### Provided data

######

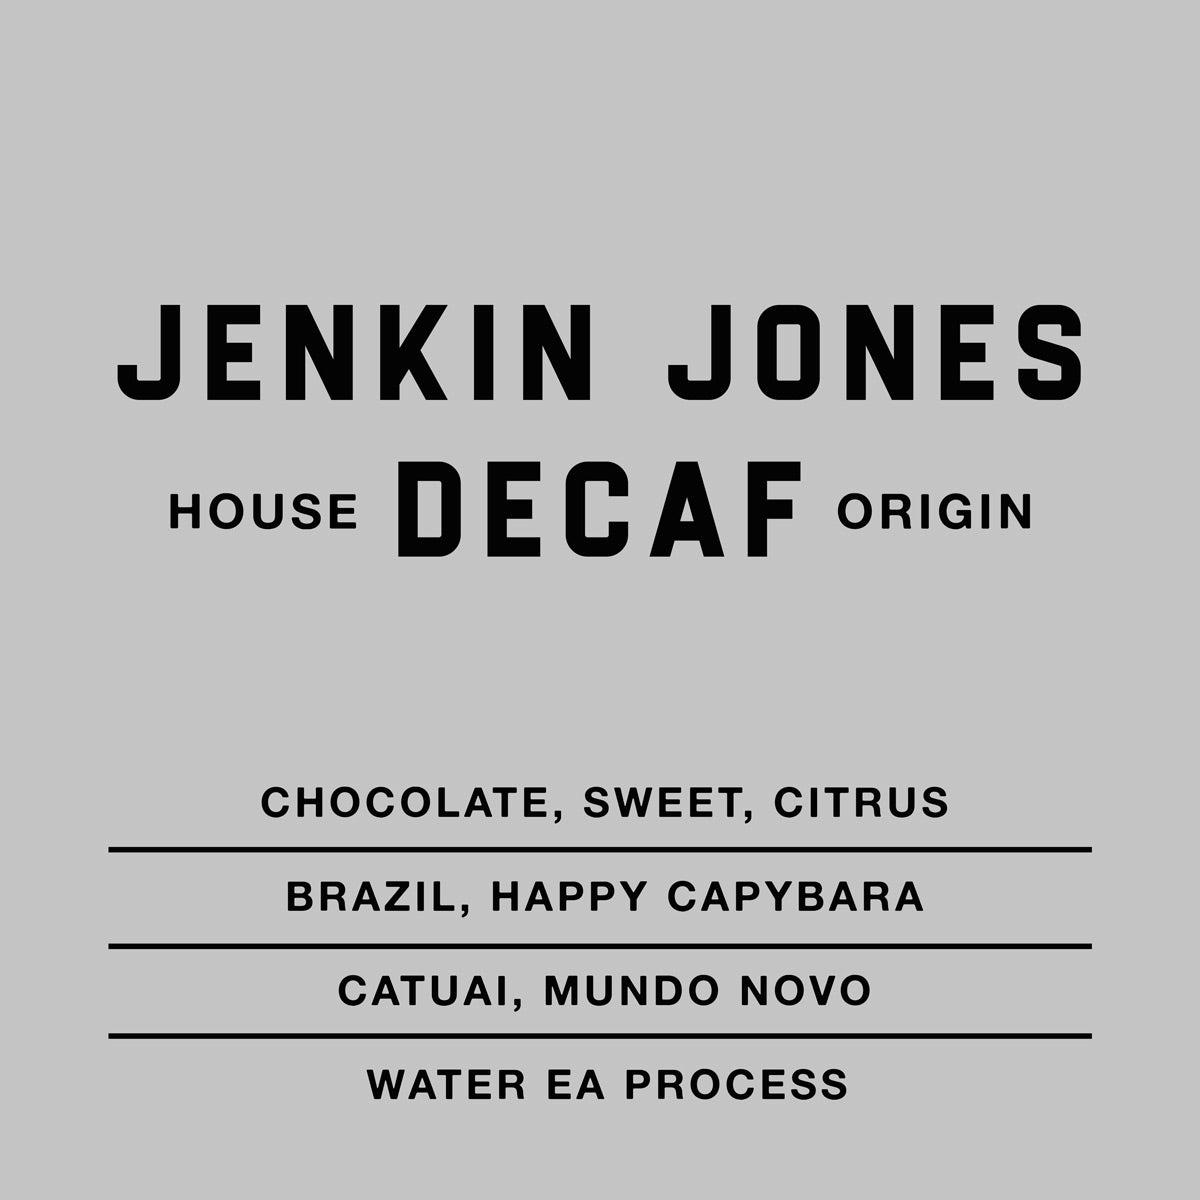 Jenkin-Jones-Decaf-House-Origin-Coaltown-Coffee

######

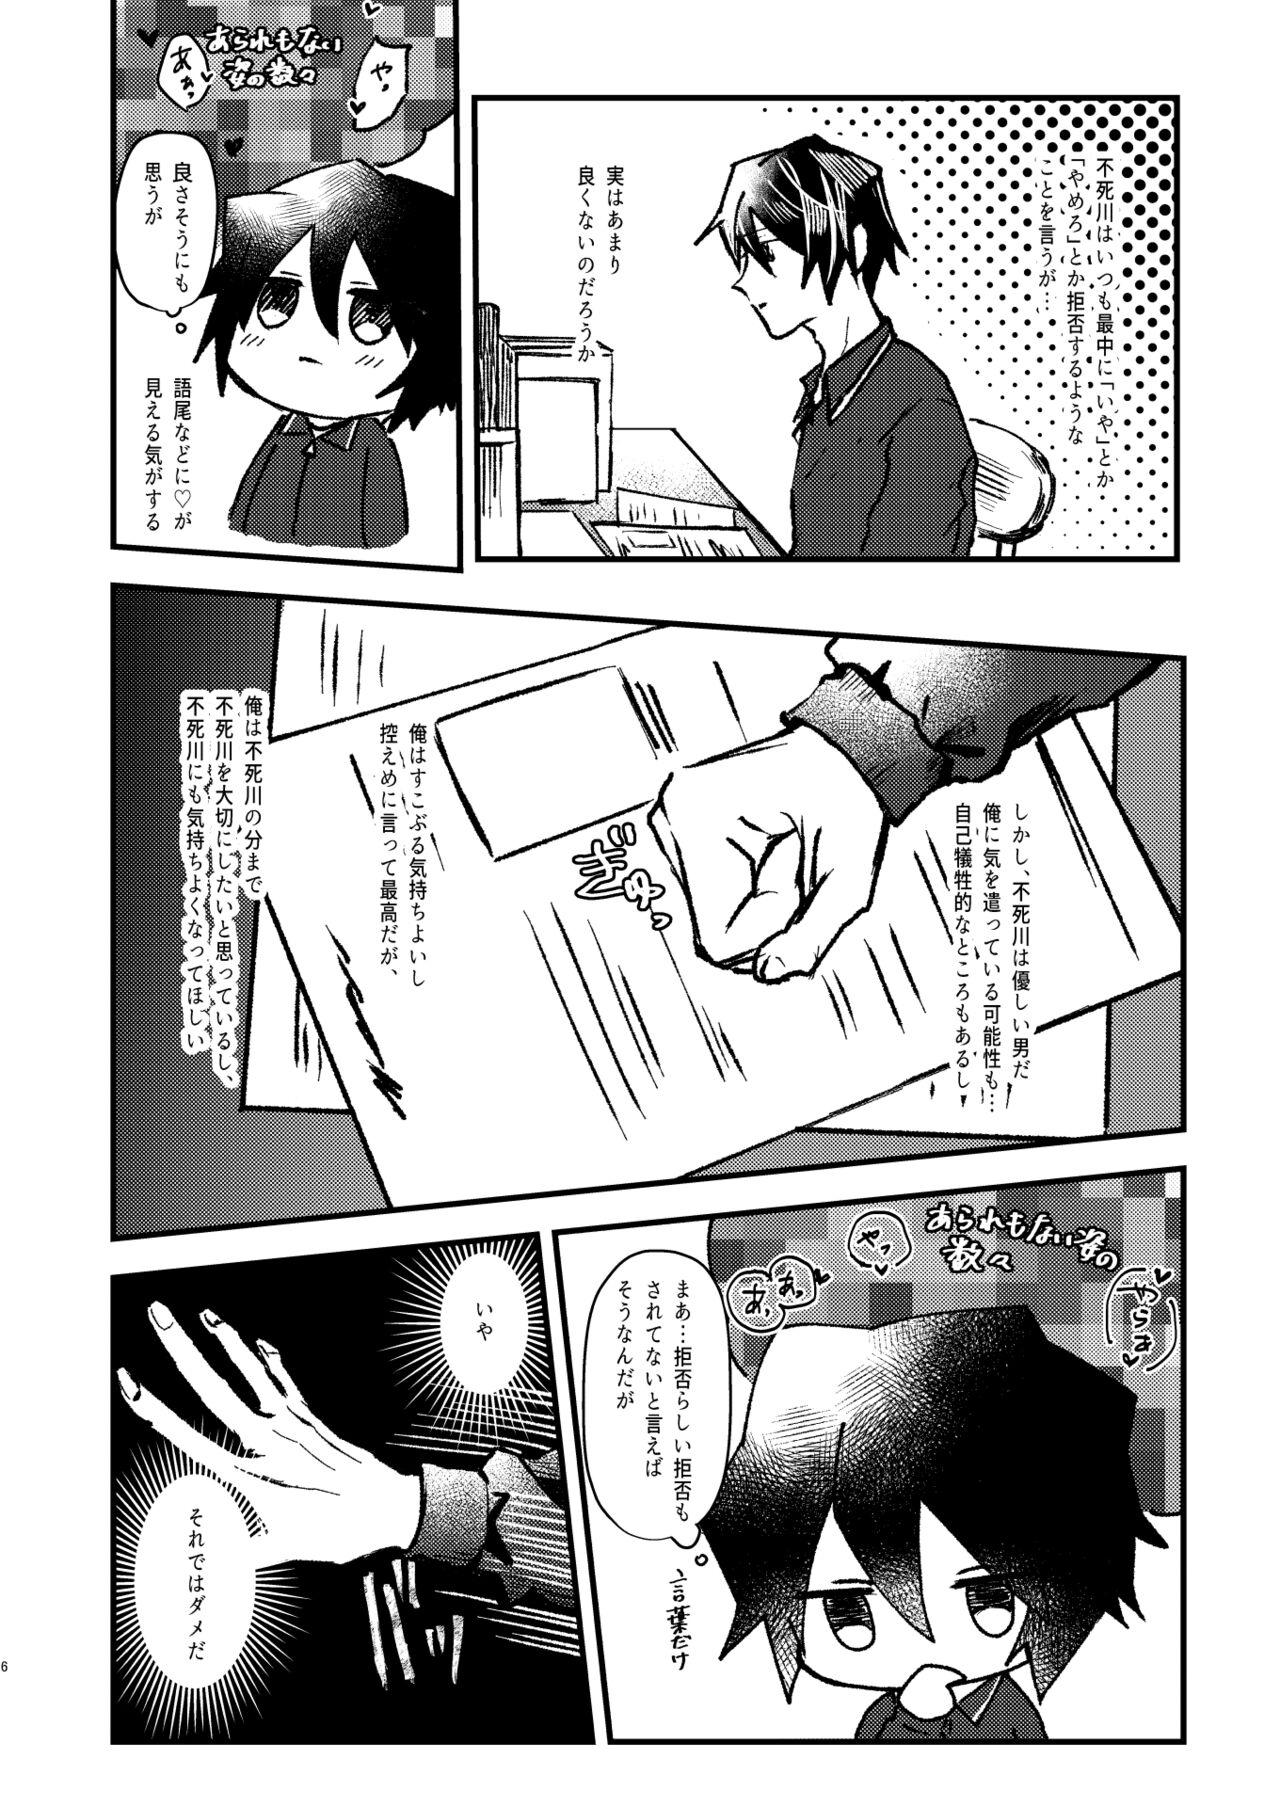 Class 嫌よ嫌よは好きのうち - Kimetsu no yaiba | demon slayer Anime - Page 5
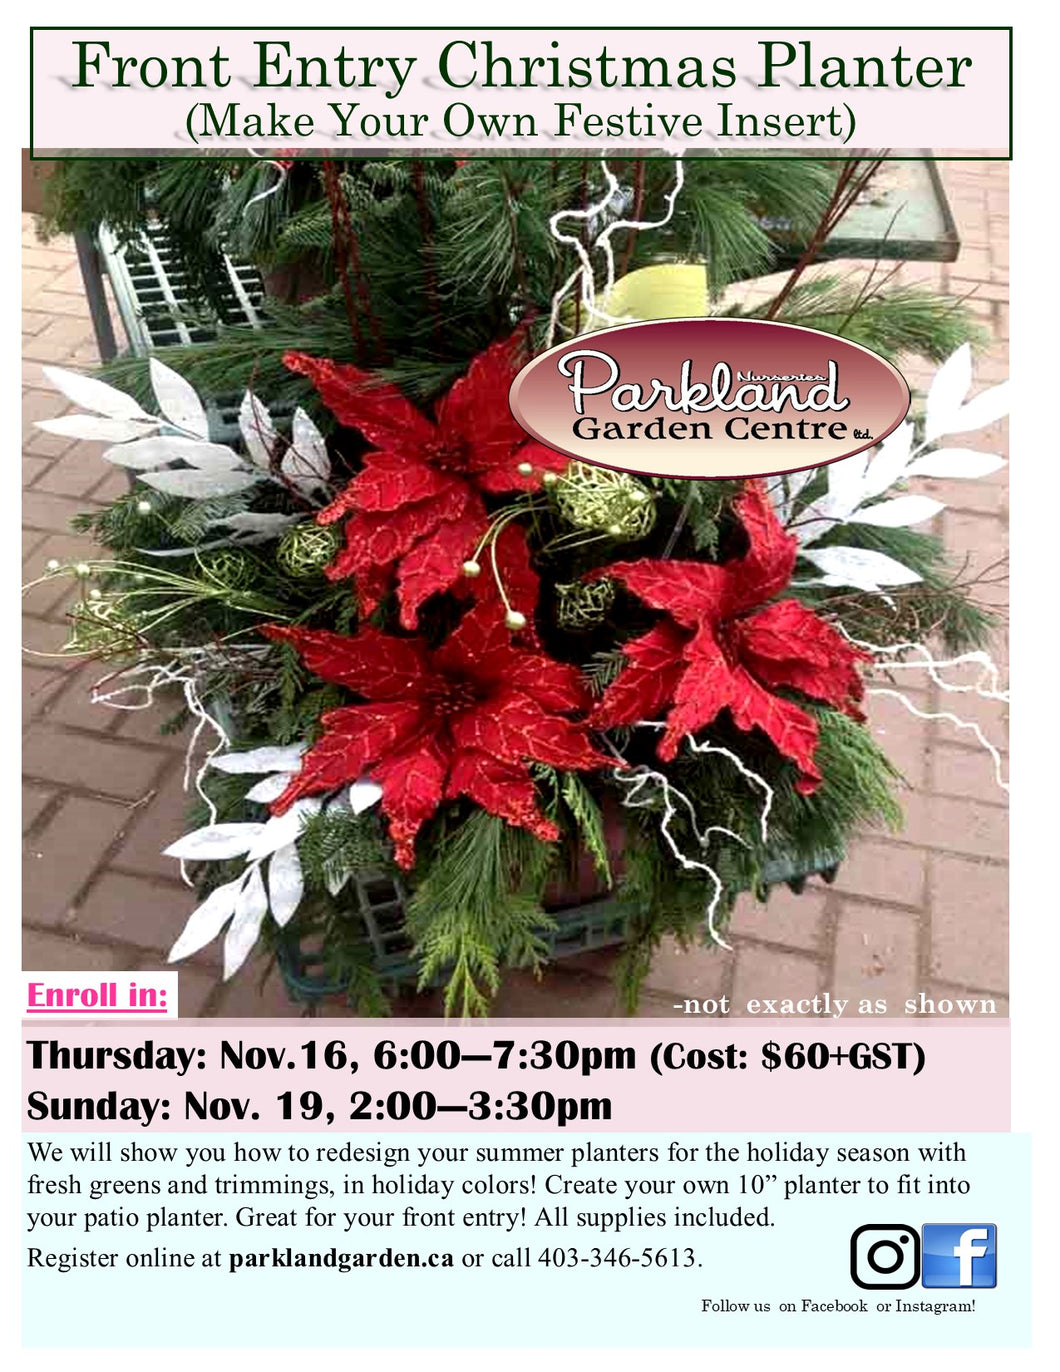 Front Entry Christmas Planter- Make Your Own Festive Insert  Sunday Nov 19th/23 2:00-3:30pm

######

### Exercise brief
In the material above, one part opens with the line containing "Class 嫌よ嫌よは好きのうち - Kimetsu" and closes with the line containing "Front Entry Christmas". Write out that part exactly and skip its pictures.

### Result for this exercise
 Class 嫌よ嫌よは好きのうち - Kimetsu no yaiba | demon slayer Anime - Page 5
 Front Entry Christmas Planter- Make Your Own Festive Insert  Sunday Nov 19th/23 2:00-3:30pm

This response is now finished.